If fcntl(F_GETLK) returns a lock set with flock() (this is possible on FreeBSD but Linux man pages say it is not possible on Linux because fcntl() and flock() locks are independent), then the l_pid member cannot be a process ID because such a lock is not held by a process as such. FreeBSD sets it to -1 in that case.

The proposed F_RDLCKP and F_WRLCKP types seem to address the close issue only.

So I suggest standardizing flock() and/or a fcntl()-based locking mechanism with the same semantics as flock().
jlayton (reporter)
2013-10-11 15:45

The close() issue is the main one I'm trying to address.

Standardizing flock() wouldn't help much since it doesn't allow you to lock byte-ranges. I've no objection to standardizing that, but it's sort of orthogonal to the problem at hand.

Linux could be altered to return a flock() lock on F_GETLK, but it historically hasn't since flock and POSIX locks operate entirely independently. I don't think that would really buy us much. Do flock and fcntl locks conflict with one another on BSD as well?

The question of inheritance of a lock is more interesting however. It's not 100% clear to me what sort of semantics the people asking for this actually want in that respect, so I'll look into that.

I'm inclined to steer away from introducing an entirely new locking mechanism however, since I think we want these new lock types to conflict vs. "legacy" POSIX locks. IOW, programs written to use the older F_RDLCK/F_WRLCK types should continue to work in parallel with ones written for the new ones and provide the same exclusion guarantees. We could still do that with a new interface, but I worry that it'll be more confusing for developers.
jlayton (reporter)
2013-11-08 12:18

Ok, after looking at this, I think you're correct that emulating flock()'s semantics wrt to close and inheritance is the right thing to do. I've got a new draft patchset that does this.

It does mean that I'll need a new F_UNLCKP variant flag if we stick with the F_SETLK interface, but I think that's a reasonable addition anyway.
Don Cragun (manager)
2013-11-14 16:17

This was discussed during the November 14, 2013 conference call.

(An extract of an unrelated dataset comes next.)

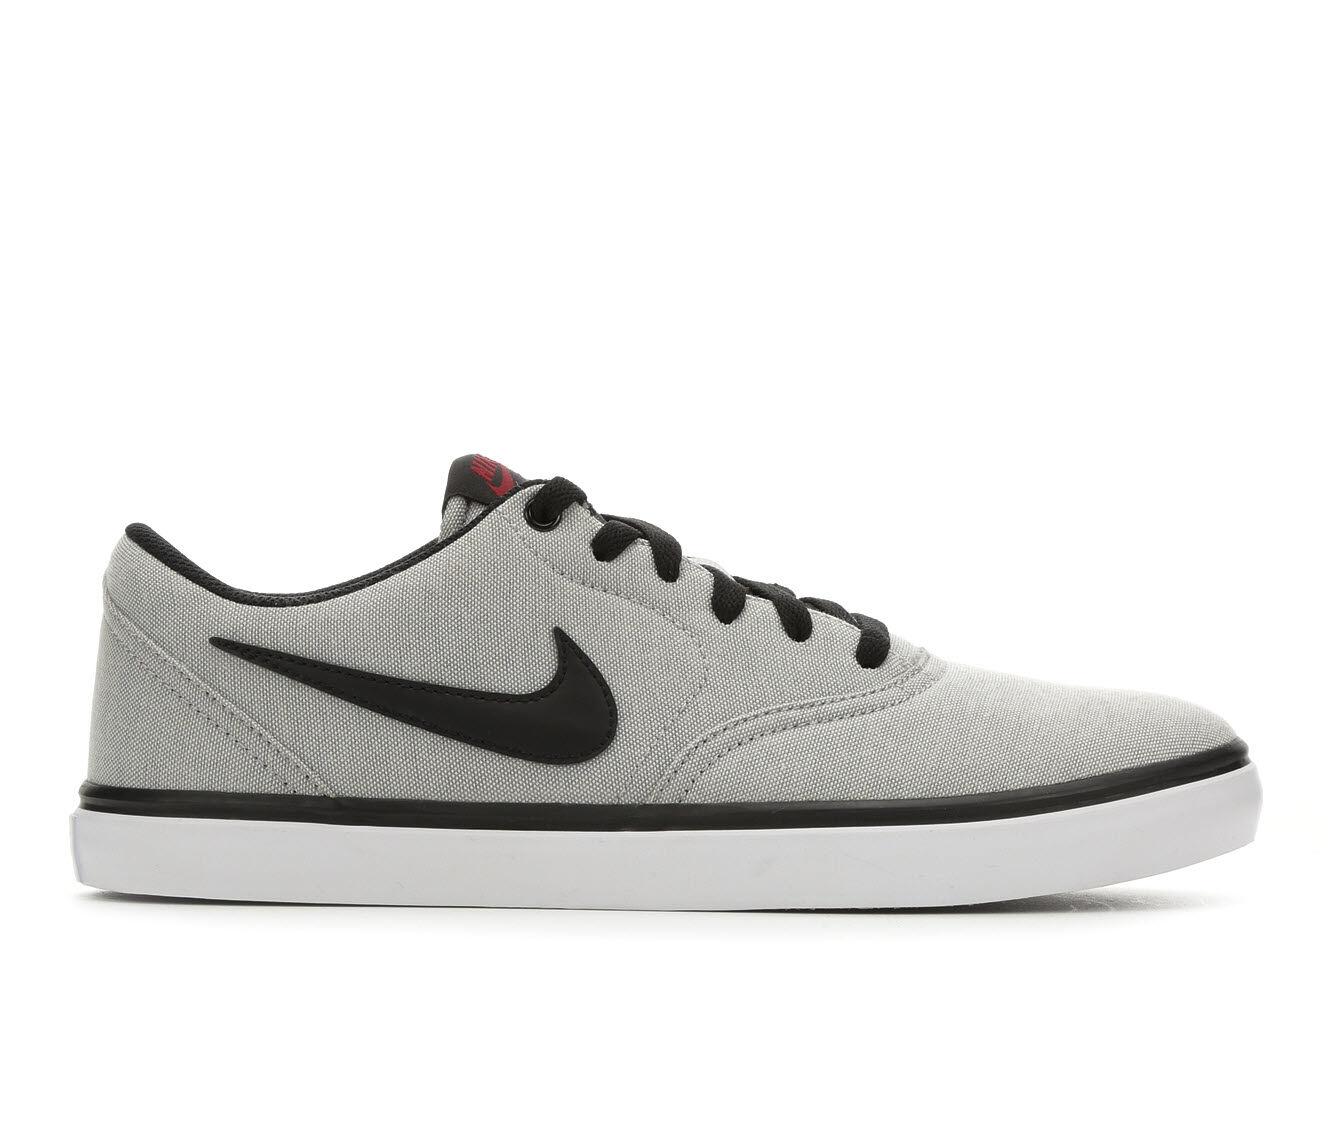 Men's Nike SB Check Solar Canvas Skate Shoes Gry/Blk/Wht 016
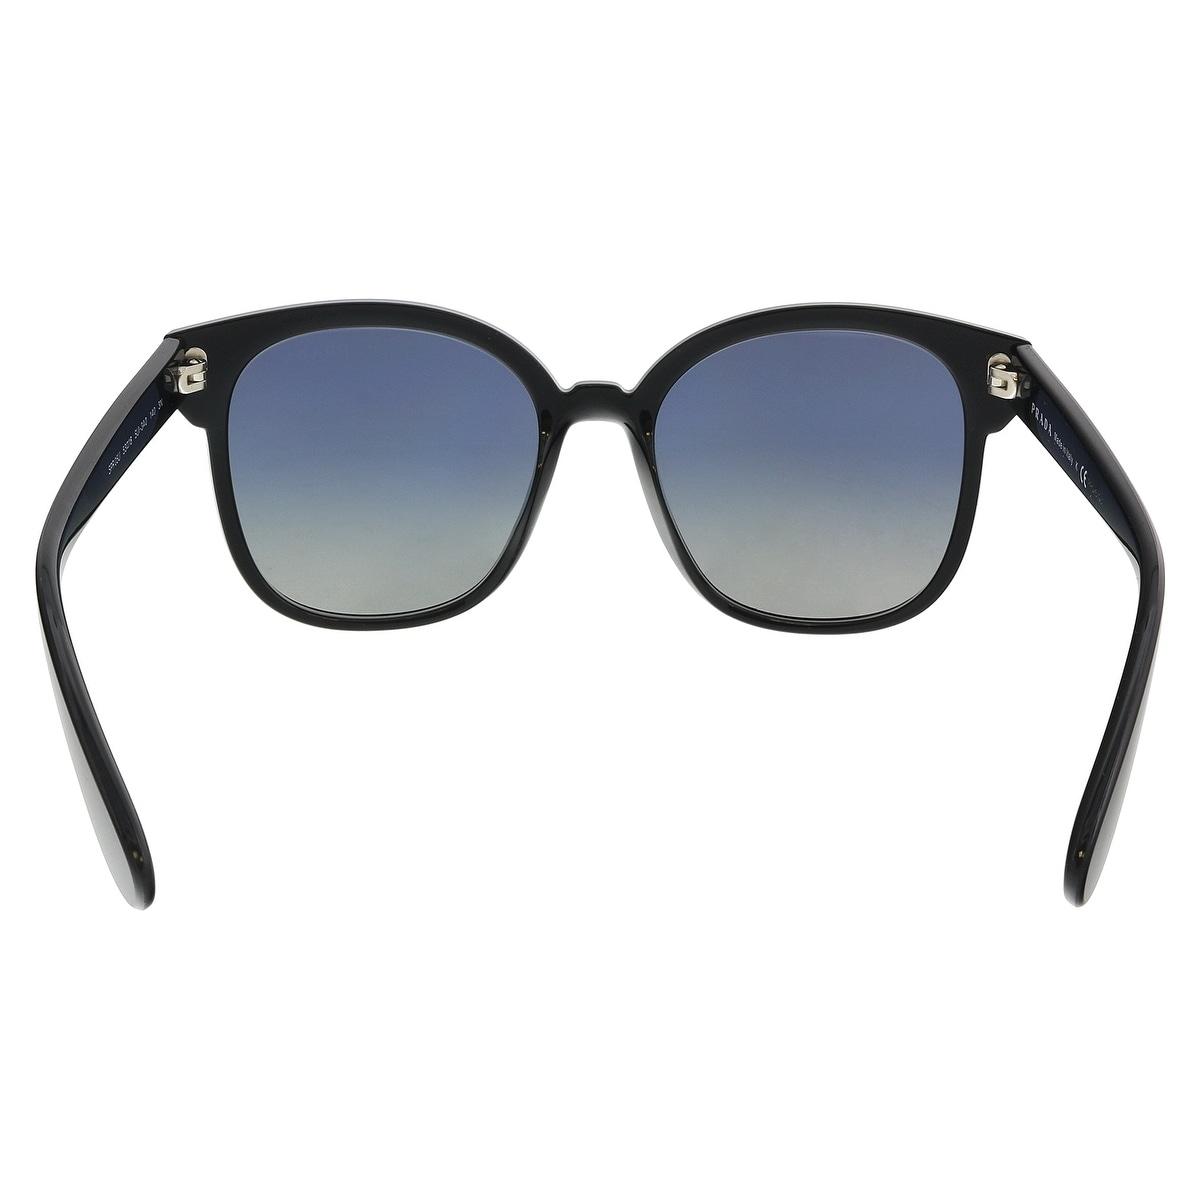 39cb0035d4d8 ... uk shop prada pr 05us sui3a0 black blue yellow square sunglasses 53 18  140 free shipping

Although we agree that a new lock type might be a good idea, before we could consider anything, we would need actual changes to be added to the text to define the behavior of this feature. Furthermore, there would have to be an existing implementation that is shipping as part of a product. This bug will be kept open for a while as a placeholder for such a specification.
jlayton (reporter)
2013-12-10 19:59

Thanks for the consideration so far. I'm still pushing forward with proposed patches on the Linux mailing lists. Once I have the semantics a bit more settled, I'll see about writing up the actual changes to the text.
jlayton (reporter)
2013-12-12 12:05

First rough draft of update to the text in the spec. This is just covers the F_SETLK piece. We may need some updates to the F_GETLK piece. As a side note, documenting this makes it clear the that F_SETLK documentation is pretty complex. Would we be better served by doing this with new cmd values instead? i.e. F_GETLKP and F_SETLKP ? Then we could just reuse the existing definitions for F_RDLCK and F_WRLCK.



...existing text:

    Set or clear a file segment lock according to the lock description
pointed to by the third argument, arg, taken as a pointer to type struct
flock, defined in <fcntl.h>. F_SETLK can establish shared (or read)
locks (F_RDLCK) or exclusive (or write) locks (F_WRLCK), as well as to
remove either type of lock (F_UNLCK). F_RDLCK, F_WRLCK, and F_UNLCK are
defined in <fcntl.h>. If a shared or exclusive lock cannot be set,
fcntl() shall return immediately with a return value of -1. text:


    Set or clear a file segment lock according to the lock description
pointed to by the third argument, arg, taken as a pointer to type struct
flock, defined in <fcntl.h>. F_SETLK can establish shared (or read)
locks (F_RDLCK and F_RDLCKP) or exclusive (or write) locks (F_WRLCK and
F_WRLCKP), as well as to remove either type of lock (F_UNLCK and
are defined in <fcntl.h>. If a shared or exclusive lock cannot be set,
fcntl() shall return immediately with a return value of -1. Locks set
with F_RDLCK and F_WRLCK can only be unset with F_UNLCK, and locks set
with F_RDLCKP and F_WRLCKP can only be unset with F_UNLCKP.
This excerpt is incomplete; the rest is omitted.